So we have a great understanding now of membrane structure and some
of the things that we find in the membrane which include proteins.
Many of these proteins are involved in transport
across cell membranes which is the topic of this lecture.
So in this lecture, we will be differentiating
between three mechanisms of passsive transport,
that is transport that does not require energy.
By the end of the lecture, you should be able to diagram
the association between primary active transport
and secondary active transport.
And in addition, you should be able to distinguish
between three different modes of bulk passage.
So we'll begin by exploring what we mean by passive transport.
Passive transport is mainly dependent on concentration gradients.
So for example, an area of high concentration
and an area of low concentration,
we can see movement from high concentration to low concentration
just based on movement of particles in the air, atomic movement.

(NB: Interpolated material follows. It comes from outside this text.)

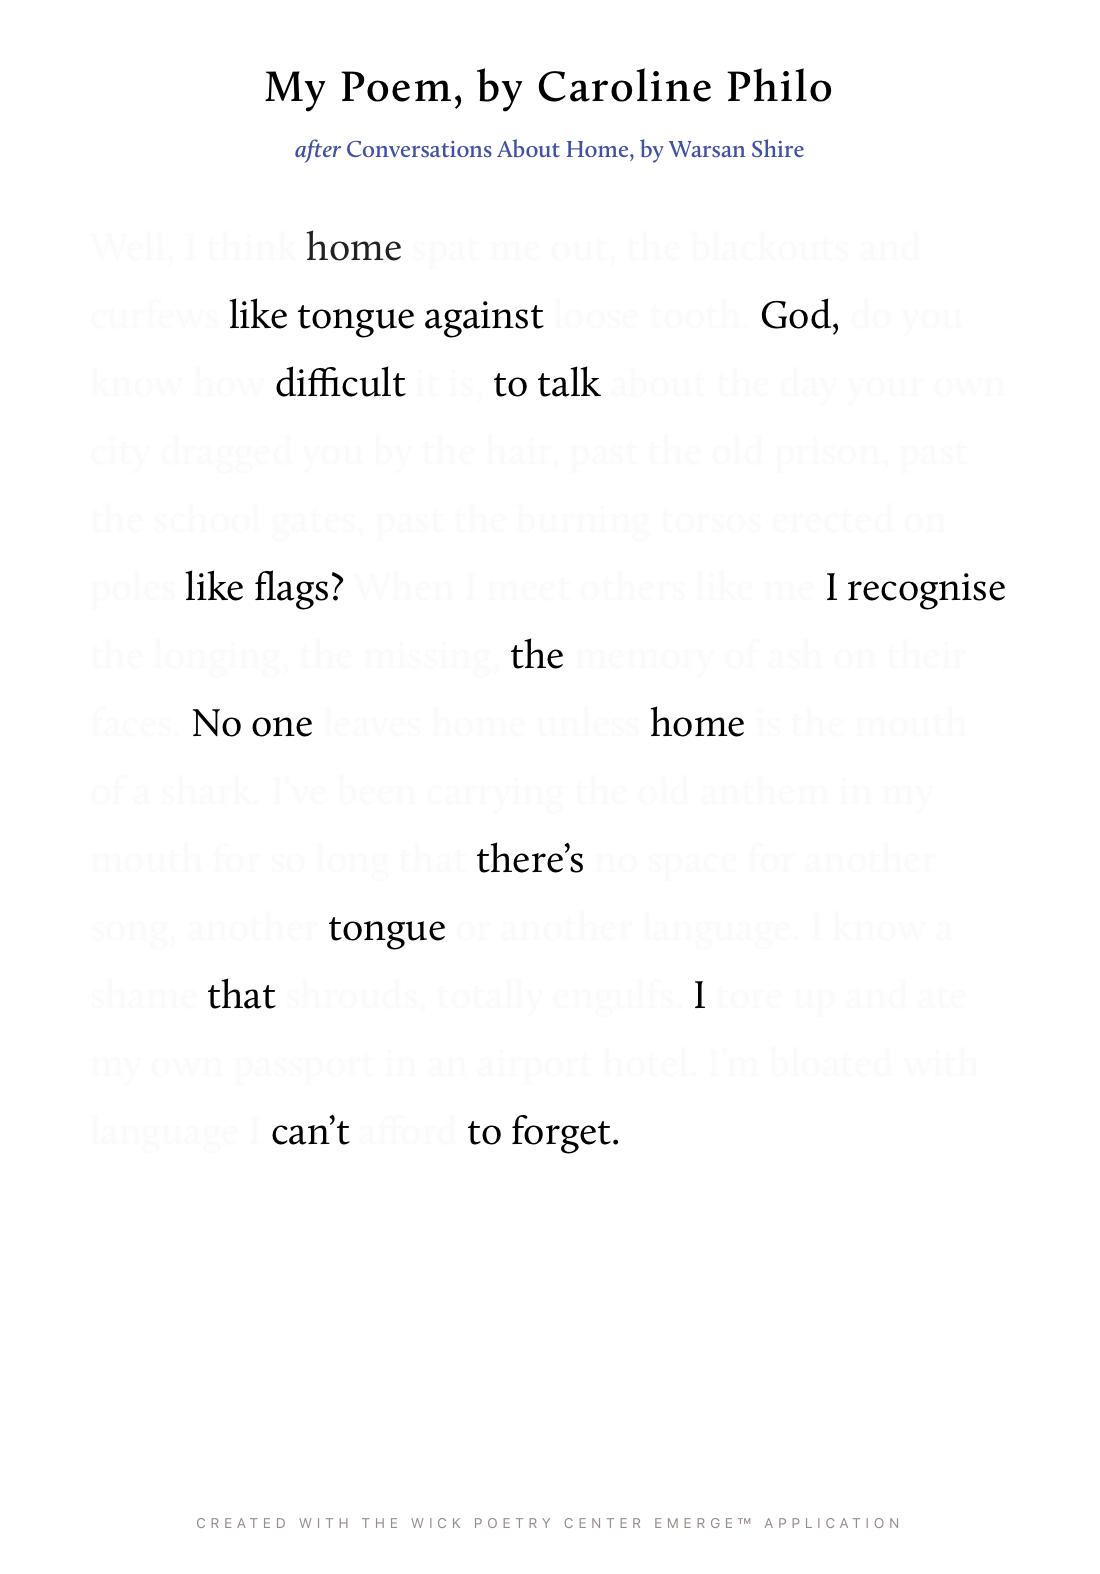 My Poem

Remember when it's warmer, things move faster,
when it's cooler, things move slower.
So if I were to spray some perfume in this corner of the room,
eventually the people over in that corner of the room
will smell the perfume. This is simple diffusion.

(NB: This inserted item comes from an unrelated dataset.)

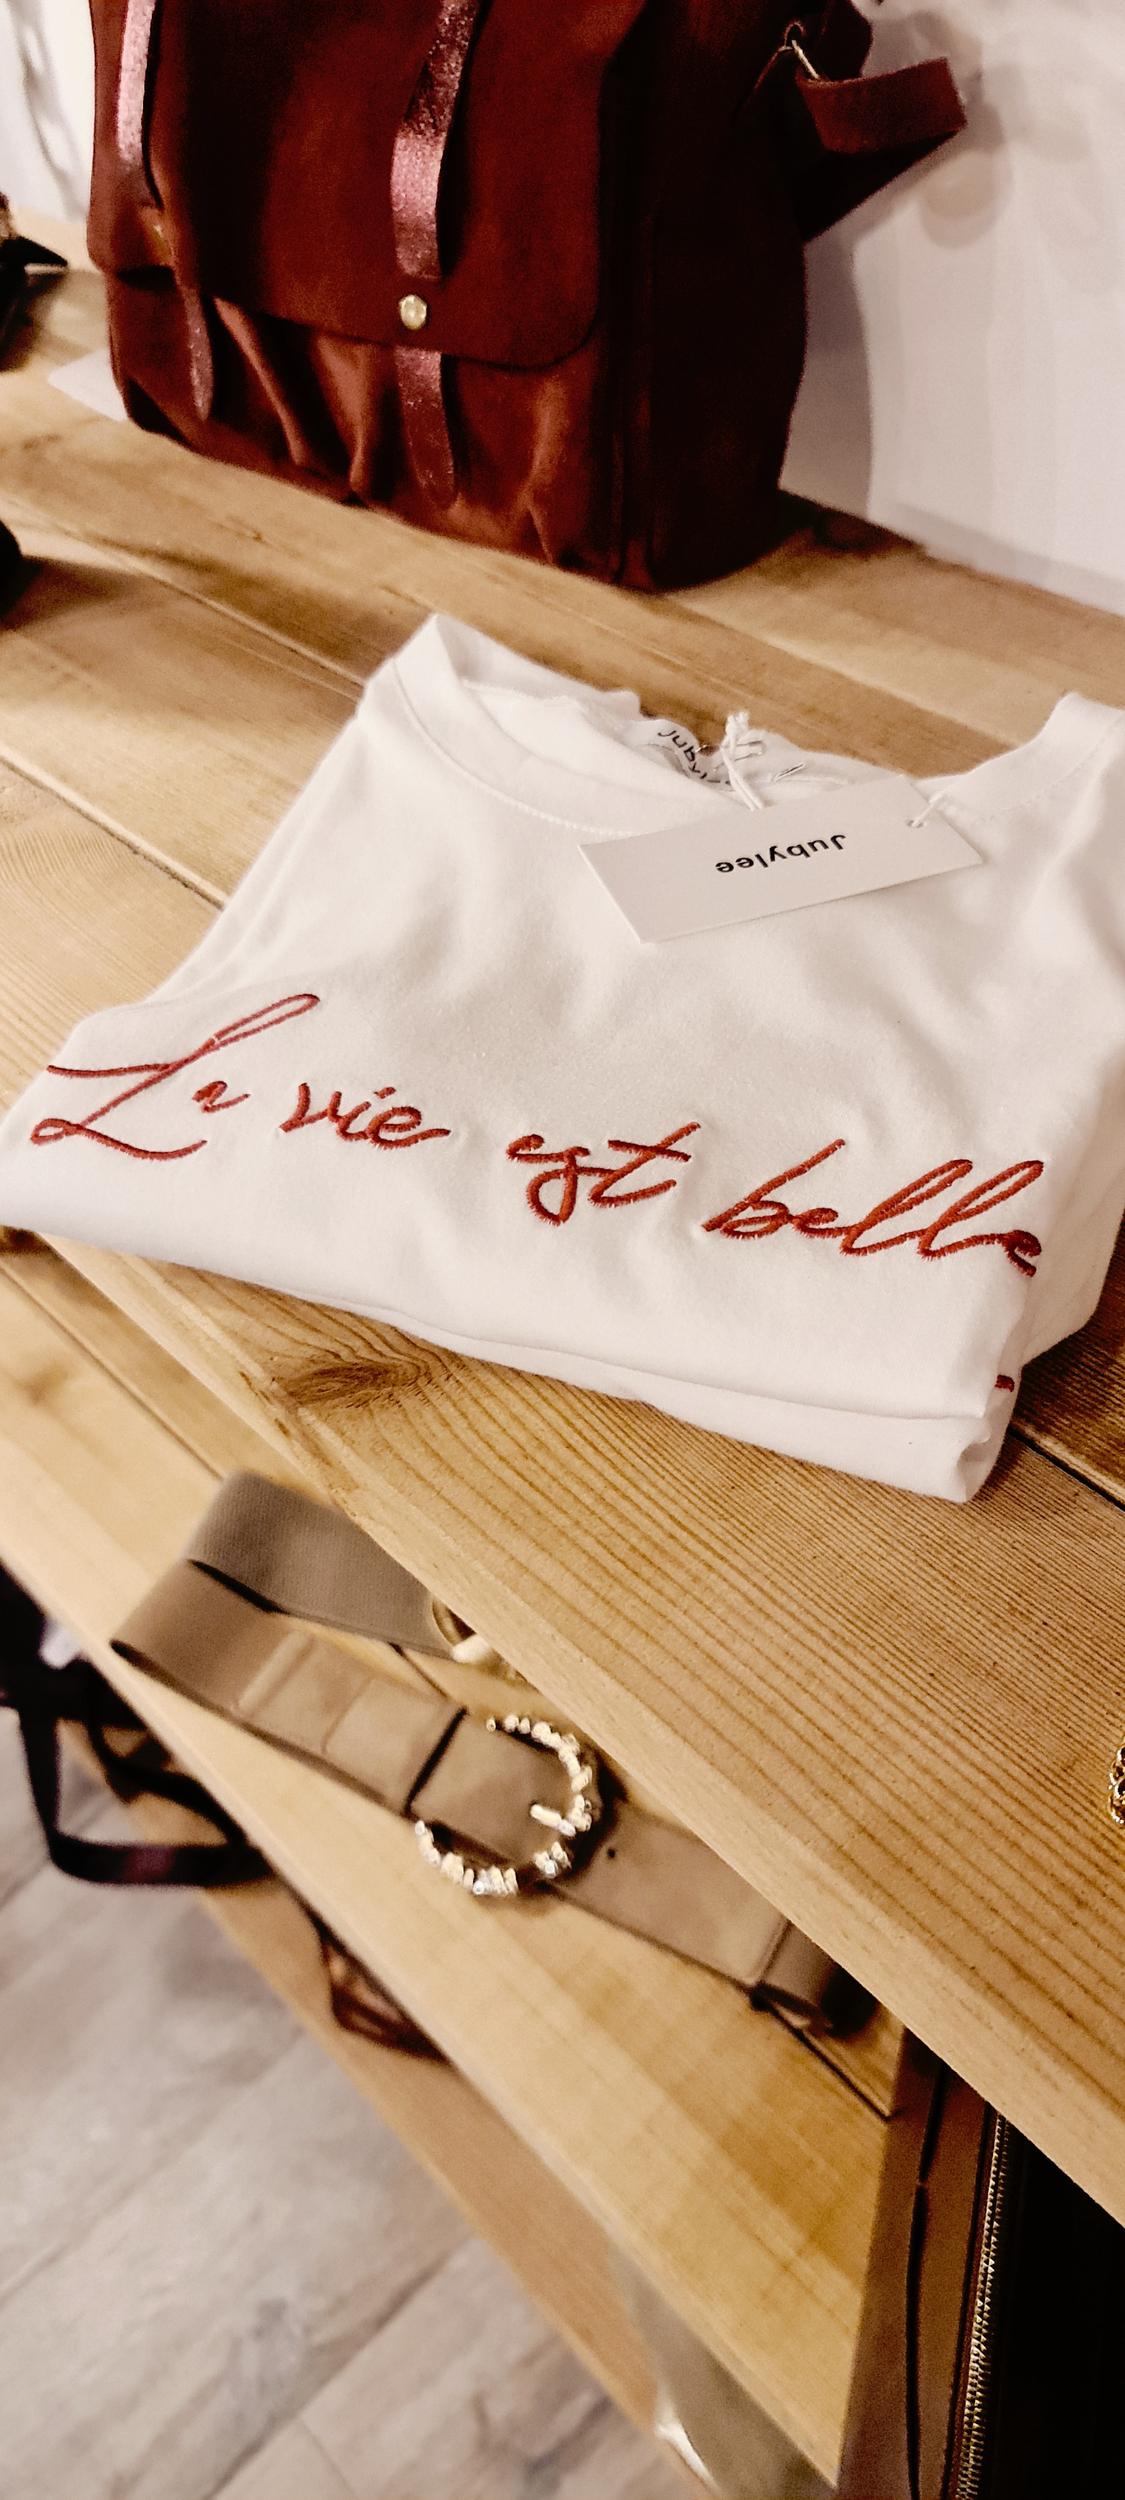 Tee-shirt la vie est belle rouge

Now when we have simple diffusion occuring,
there's no energy required.
It would take some energy however
if we wanted to put the perfume back in the bottle.
So that would be active transport.
So passive transport requires absolutely no energy.
Things will diffuse through the environment
or throughout the cell.
Now if we have a cell membrane in the way,
can things pass through that cell membrane?
And the question comes with
what can actually pass through the cell membrane?
We already know the middle of the cell membrane,
the sandwich. We have hydrophilic outer edges
and a large hydrophobic lipid friendly volume in the middle,
which is fairly unfriendly if you are a polar molecule.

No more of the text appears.